I took advantage of that to sit in the first-class lounge at Aberdeen, have some tea and biscuits, and use the shower to make myself a little less smelly after my morning’s walk!


The journey was indeed nice and comfortable as well as scenic, and I got some tea, orange juice, water, a chickpea salad and a nice lemony dessert pot from the catering!

I met up with Little S, and we had a jolly time that evening and the next morning. We got dinner in a pub that, although rather noisy, did serve us some “veggie haggis bonbons” that I rather enjoyed.
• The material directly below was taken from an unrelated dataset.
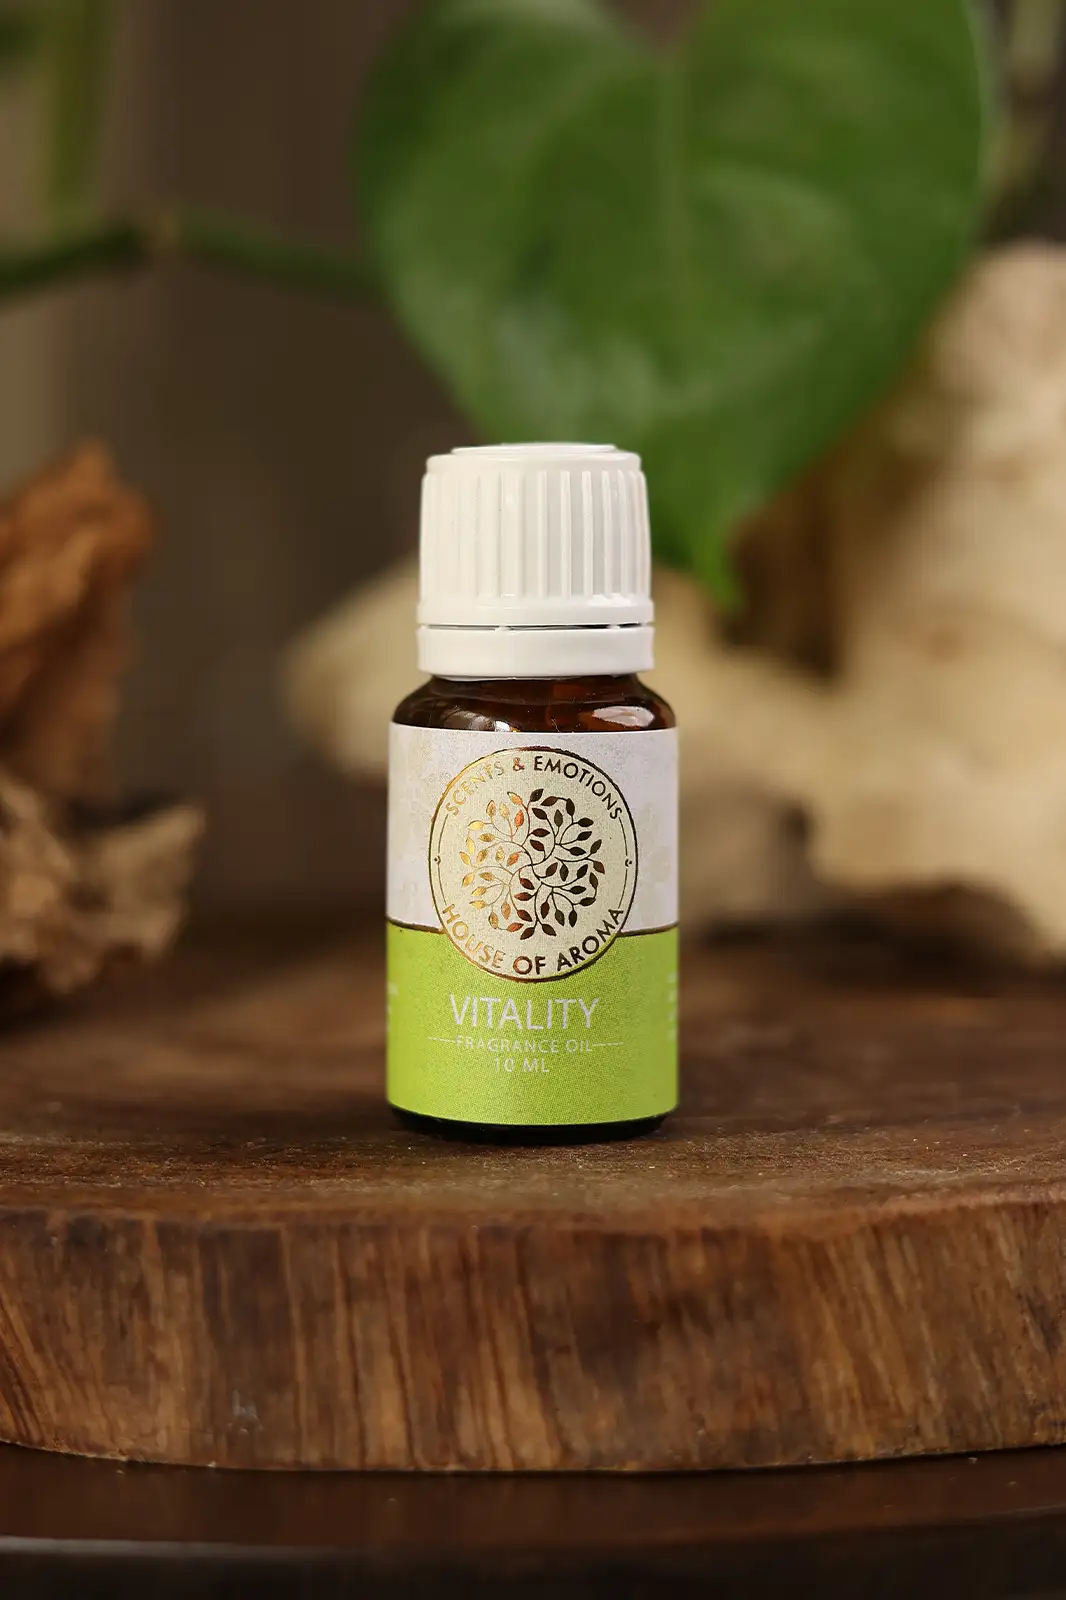 Fragrance Oil, Aroma oil, Synthetic oils, Fragrance oil for candles, oil for diffusers, Aromatic oil, Candle oil, Aromatherapy oil, oil manufacturers, House of Aroma, vitality fragrance oil, Vitality vanilla fragrance benefits, vitality frankincense oil, vitality oil, vitality aroma oil, vitality oil uses, vitality oil benefits, fragrance oil for perfume

We lazed around in her Little S’s flat chatting in the evening, and in the morning got a tram up to Leith for a bit of a wander, looking in some shops and having some brunch, before I left for home at lunchtime.

Closing remarks
That was it! The end of my trip, which I have to say I really enjoyed.
As discussed in my last post, I did the trip to see how comfortable I’d find doing a long-distance walk while camping (and carrying camping equipment). In terms of the camping, my comments in the “Thoughts on camping” section of that last post still stand – i.e. I can do it, it’s adequate, but it’s a lot of faff and a lot less comfortable than being in a real building, so I expect I’ll only do it where there’s a good reason, like letting me access somewhere I couldn’t get to otherwise.
In terms of the hiking, I feel like things went pretty well! I walked 7, 15, 14, 18, 14, 0, 21 and 7 miles on each day, having my full pack for all except the 21-mile one, and doing some fairly serious ascent and descent. While I decided to do a lighter pack on the penultimate day, it was out of just not really wanting to, rather than feeling like I couldn’t. I didn’t get any injuries or aggravate my joints as far as I know. So while I don’t know for certain whether a longer walk would cause me issues, I’d be willing to try out, say, a two week hike with a couple of rest days, and feel pretty optimistic that it’d go well. In the end, I didn’t do a long-distance walk during my career break, but I’d still like to try it sometime!